Li, recentemente, que um executivo de câmara deu o nome do seu presidente, quando ainda no poder, a uma praça e a um lar da vila. A praça situa-se numa rua que, por sua vez, tem o nome de um grande navegador português. Aparentemente, enfrentar tormentas no mar e liderar uma autarquia têm o mesmo peso. É certo que gerir qualquer instituição, na actual conjuntura do país, é um verdadeiro cabo dos trabalhos, mas não estou assim tão convencida de que seja o equivalente a guiar uma caravela sem GPS na época dos "descobrimentos". Quando os jornalistas perguntaram o porquê do nome inusitado, um dos vereadores respondeu que é uma homenagem ao importante trabalho do presidente e à honra da sua palavra. O descrédito da política e das instituições é hoje de tal ordem que cumprir com a palavra e com as promessas feitas dá direito a uma placa pública. Ainda assim, e consumadas as vénias, o que a vereação fez em excesso é o que muitas vezes nos falta no emprego, na política e na justiça — o reconhecimento.

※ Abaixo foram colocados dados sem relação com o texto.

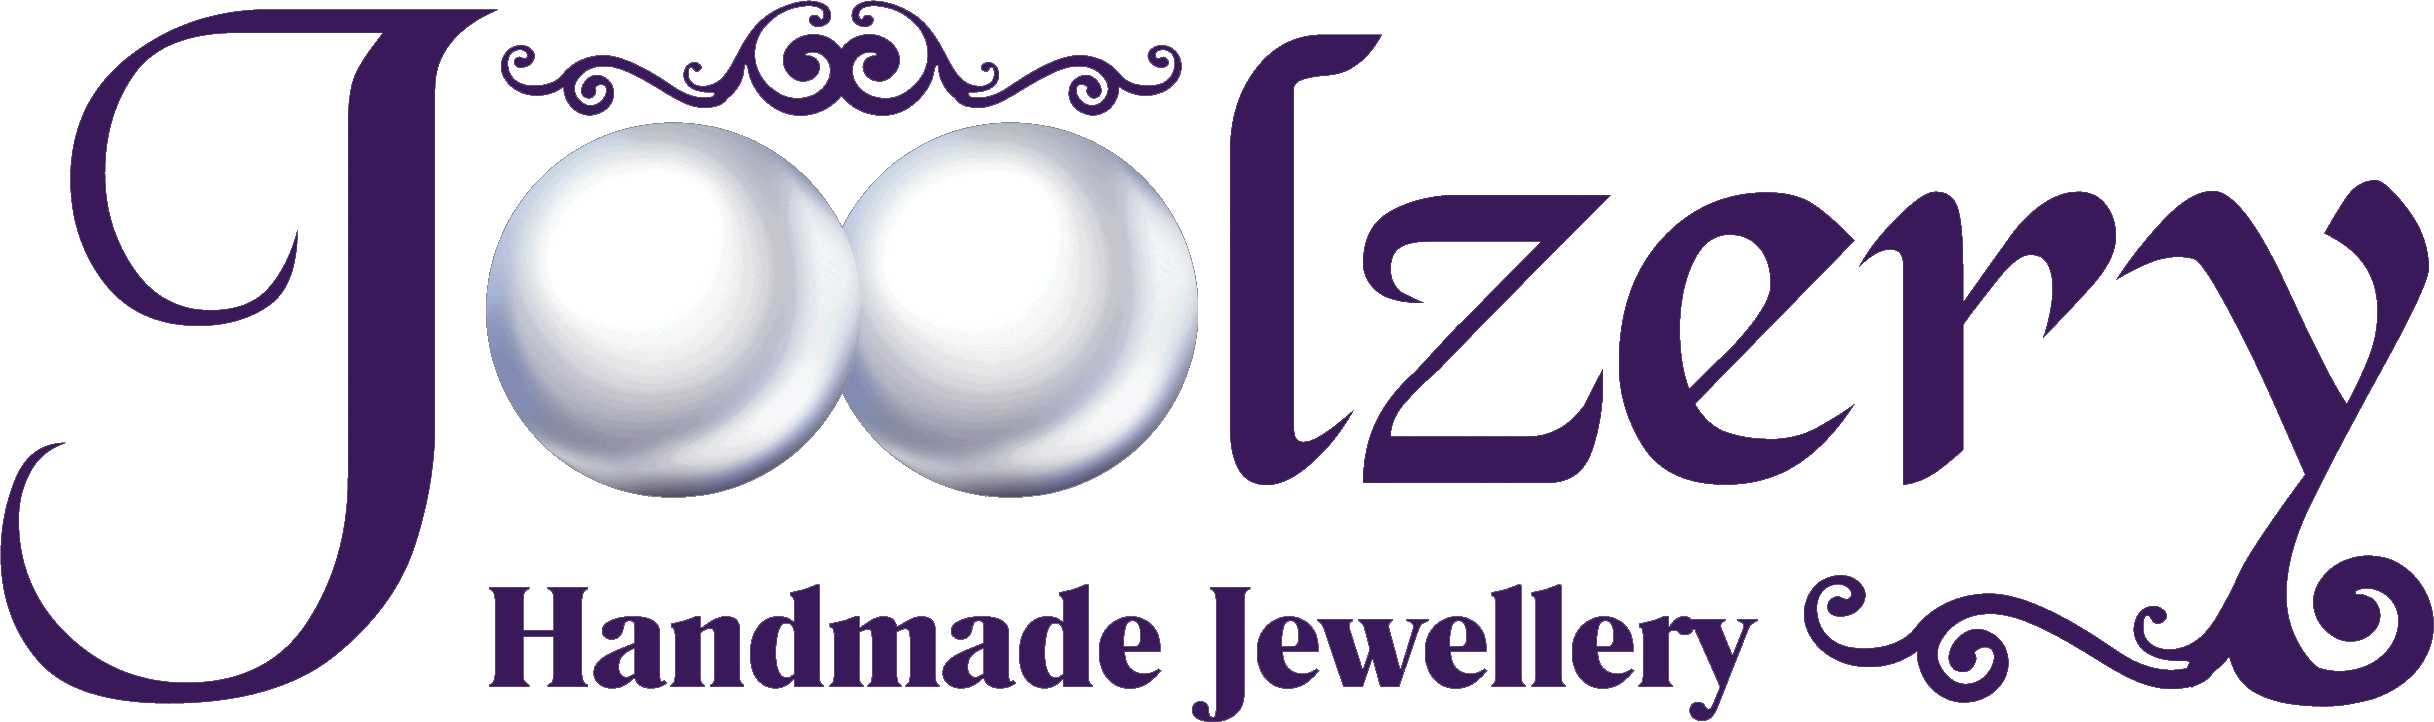 Joolzery Handmade Jewellery Logo

A crise dos últimos anos veio não só agravar a precarização do trabalho e das oportunidades, mas também dificultar [ainda mais] o reconhecimento do mérito profissional. Portugal é um país onde o engenho e o talento são frequentemente subvalorizados ou negligenciados. Um país onde doutorados são obrigados a esconder a sua formação por terem estudos a mais. Como se ter um conhecimento específico e aprofundado sobre um determinado tema pudesse ser prejudicial. Onde estagiários competentes não vêm a cor de um contrato porque se acena com bandeiras de quase-salário-mínimo a outro que venha a seguir, pelo mesmo valor. Onde professores e engenheiros são abjectamente aliciados com vencimentos de 500 euros. Onde as carreiras e os salários se encontram congelados, mas onde há sempre espaço para contratar mais um jovem partidário ou um motorista com antecedentes criminais e uma predilecção por psicotrópicos.

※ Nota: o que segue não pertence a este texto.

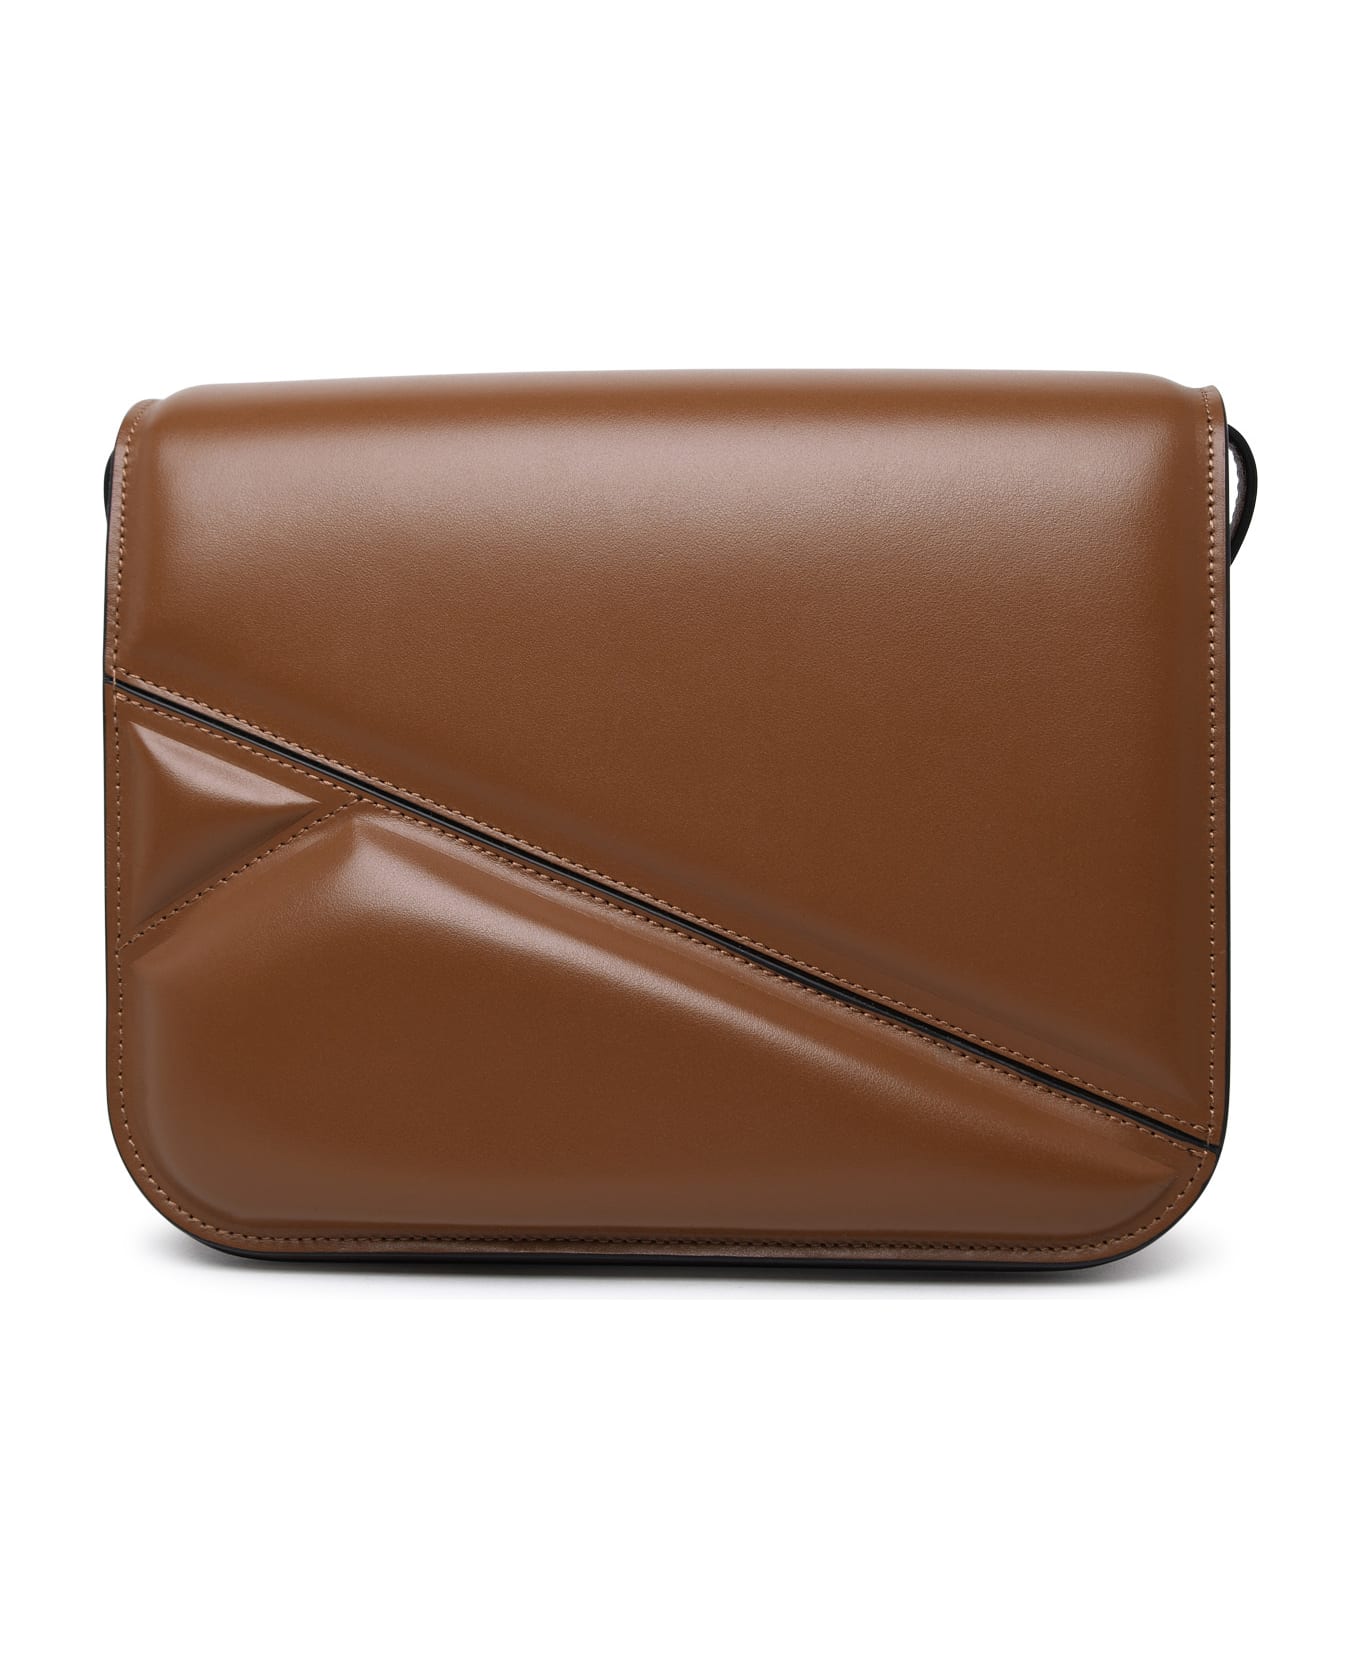 Wandler 'oscar' Brown Leather Bag - Beige

Um estudo recente da Fundação Francisco Manuel dos Santos conclui que as ligações políticas e os favores pessoais são mais importantes do que o mérito na evolução profissional dos portugueses. Nada de novo, portanto. É certo que a crise e a paranóia inerente do trabalho por números e por objectivos agravaram este cenário, mas muitos dos problemas que hoje enfrentamos têm raiz numa cultura já antes assente no privilégio, na ideologia e na imobilidade.
Mais do que por números, rácios e percentagens, o prestígio de um país deve medir-se pela forma como distingue a excelência. Contrariamente ao que se pensa, a meritocracia não significa o reconhecimento do mérito em si, mas sim a liderança da sociedade pela competência e não pela riqueza ou estatuto. Deveríamos ser governados pelos melhores em todas as áreas, pois sem mérito não há credibilidade e sem ela não há respeito. Como todos os argumentos falaciosos, o da crise esgotou-se. E não pode continuar a justificar a ausência de princípios e de reconhecimento. Ou começaremos todos a desejar ter praças da cidade com o nosso nome.